Signed-off-by: Emily Deng <Emily.Deng at amd.com><mailto:Emily.Deng at amd.com>
---
drivers/gpu/drm/amd/amdkfd/kfd_migrate.c | 8 ++++----
1 file changed, 4 insertions(+), 4 deletions(-)
diff --git a/drivers/gpu/drm/amd/amdkfd/kfd_migrate.c b/drivers/gpu/drm/amd/amdkfd/kfd_migrate.c
index 4b275937d05e..5c96c2d425e3 100644
--- a/drivers/gpu/drm/amd/amdkfd/kfd_migrate.c
+++ b/drivers/gpu/drm/amd/amdkfd/kfd_migrate.c
@@ -278,7 +278,7 @@ svm_migrate_copy_to_vram(struct kfd_node *node, struct svm_range *prange,
struct migrate_vma *migrate, struct dma_fence **mfence,
dma_addr_t *scratch, uint64_t ttm_res_offset)
{
- uint64_t npages = migrate->cpages;
+ uint64_t npages = migrate->npages;
As partial migration size is based on prange granularity, by default 2MB, maybe always migrate->cpages equal to migrate->npages, that's why we didn't trigger this bug. Wondering how do you catch this bug? This bug will leak svm_bo too, as svm_migrate_get_vram_page reference counter is incorrect.
struct amdgpu_device *adev = node->adev;
struct device *dev = adev->dev;
struct amdgpu_res_cursor cursor;
@@ -299,9 +299,6 @@ svm_migrate_copy_to_vram(struct kfd_node *node, struct svm_range *prange,
struct page *spage;
dst[i] = cursor.start + (j << PAGE_SHIFT);
- migrate->dst[i] = svm_migrate_addr_to_pfn(adev, dst[i]);
- svm_migrate_get_vram_page(prange, migrate->dst[i]);
- migrate->dst[i] = migrate_pfn(migrate->dst[i]);
spage = migrate_pfn_to_page(migrate->src[i]);
if (spage && !is_zone_device_page(spage)) {
@@ -345,6 +342,9 @@ svm_migrate_copy_to_vram(struct kfd_node *node, struct svm_range *prange,
} else {
j++;
}
+ migrate->dst[i] = svm_migrate_addr_to_pfn(adev, dst[i]);
+ svm_migrate_get_vram_page(prange, migrate->dst[i]);
+ migrate->dst[i] = migrate_pfn(migrate->dst[i]);
This should move forward, to handle the corner case to migrate 1 page to the last page of VRAM res cursor.
Sorry, don’t understand what is the corner case?

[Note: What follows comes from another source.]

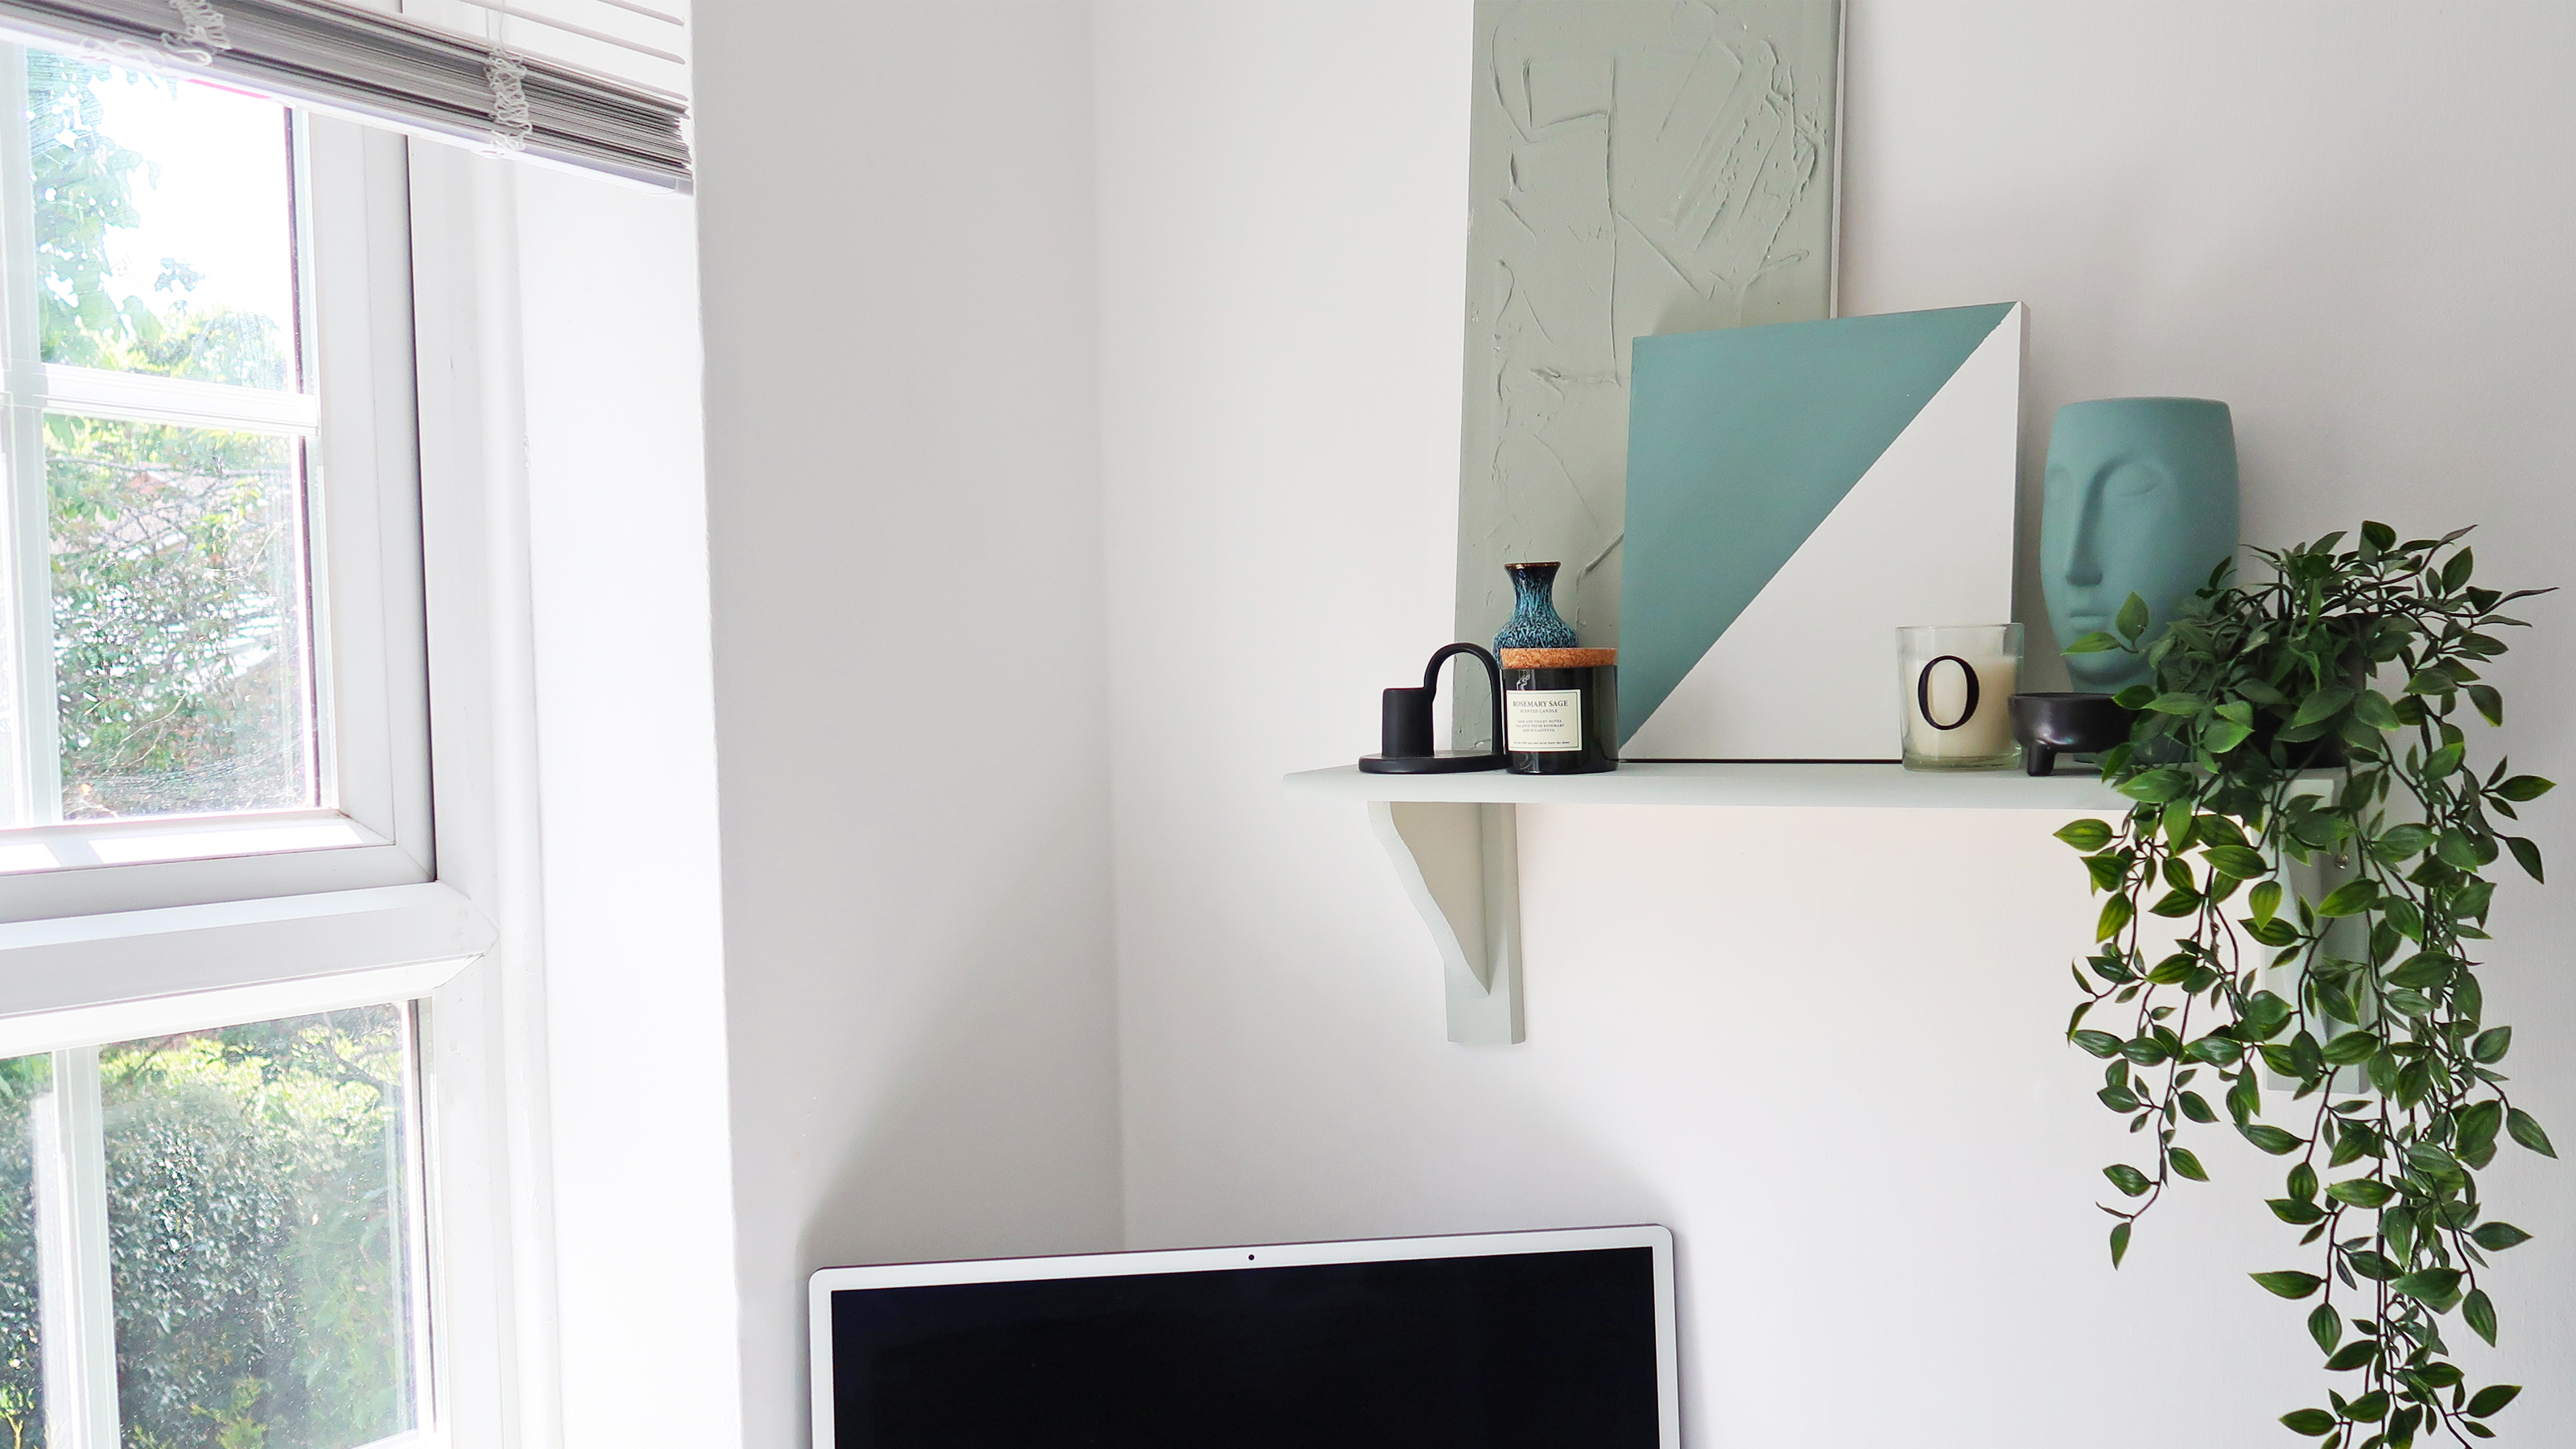 How to Hang Shelves on Your Wall Without Tools or Screws

And the place you put has not much different with mine, as it doesn’t have any jump or continue in the code between your
migrate->dst[i] should set before this if condition (not after if) to setup sdma copy migrate->src to migrate->dst, if condition is true for the case migrating to the last page of VRAM res cusor, as the VRAM physical address is not contiguous.
if (j >= (cursor.size >> PAGE_SHIFT) - 1 && i < npages - 1) {
Regards,
Philip
Maybe I am wrong, but I couldn’t find anywhere in svm_migrate_copy_memory_gart will use migrate->dst[i], it uses the dst[i] directly. So, I think it will have no effect. The reason why I put it to the tail is because if have some exceptions, for example “if (r) goto out_free_vram_pages;”, for this case, I think we need to treat the copy as fail, and couldn’t migrate these pages, so also couldn’t set the migrate->dst[i].
Emily Deng
Best Wishes
code place and mine. But it has “if (r) goto out_free_vram_pages;” to handle the error case. For error case, I think the migrate->dst[i] also need to be set to null.
Please check this change, to add mpages accounting to break the loop earlier.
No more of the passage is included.